Using mass balance calculations for a single-pass, open-system equilibrium reaction, we estimate that minimum water/rock (W/R) ratios for the metabasaltic protoliths prior to subduction range from 0.4 to 8, comparable to those of basalts in modern hydrothermal systems. However, major-element compositions of our samples suggest little modification away from an average MORB composition towards typical MORB seafloor alteration products. Thin-section analysis reveals no significant variation in mineral assemblage or fabric development across samples with different estimated W/R ratios. 

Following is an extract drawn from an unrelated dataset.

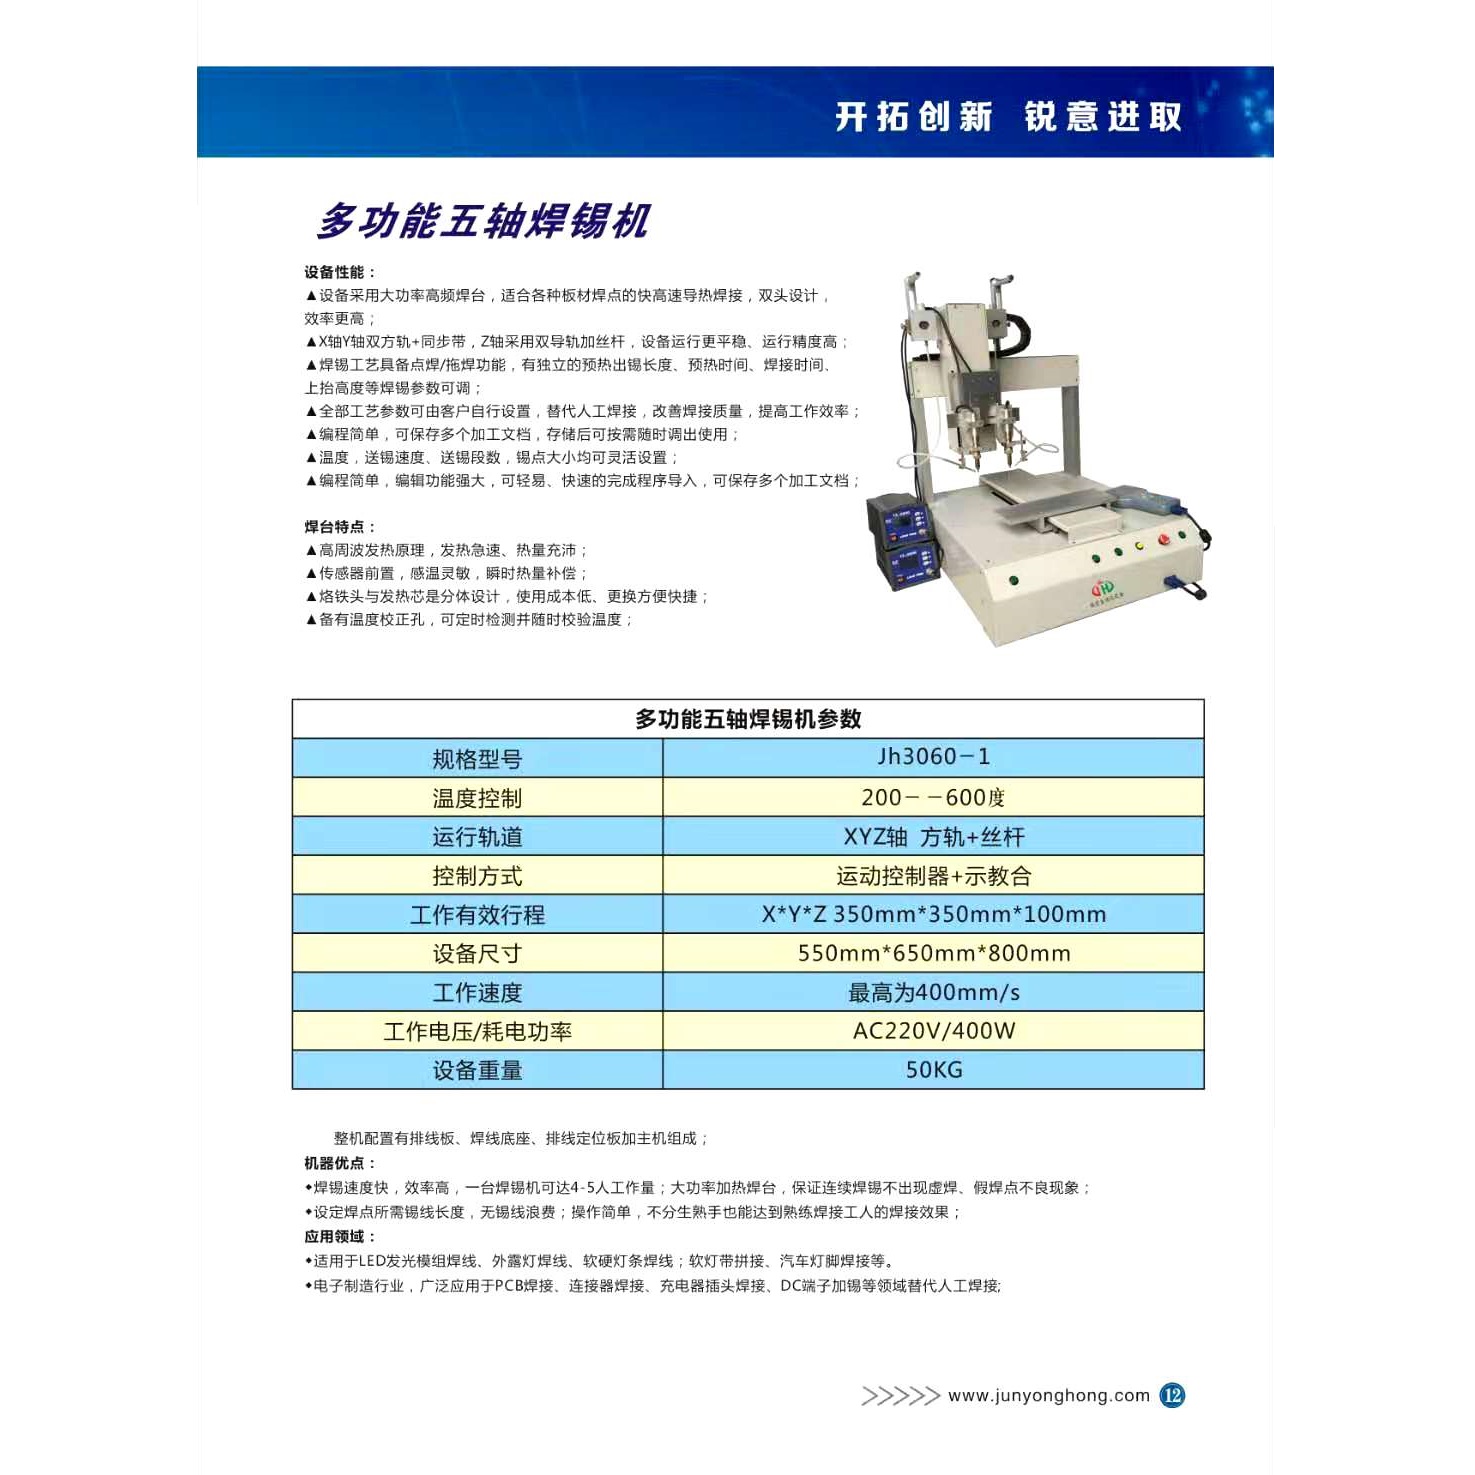 Multi-function five-axis soldering machine

The ⁸⁷Sr/⁸⁶Sr ratios and modelled W/R ratios indicate pre-subduction hydration of the basalts, likely serving as an important source water for later metamorphic dehydration reactions during subduction. The decoupling between Sr-isotopes, major-element compositions, and mineralogy suggests that either (1) seawater interactions were insufficient to alter major-element chemistry, or (2) these basalts started with similar Sr isotope ratios prior to subduction, and isotopic differences were introduced by variable amounts of sedimentary-derived fluid input during subduction and/or retrograde metamorphism. Our results suggest that the magnitude of W/R alteration of the epidote blueschist protoliths prior to subduction was not large enough to result in significant differences in deformation style. By connecting slab hydration with deformation textures, we provide insight into subduction zone processes that can be applied to similar rocks worldwide.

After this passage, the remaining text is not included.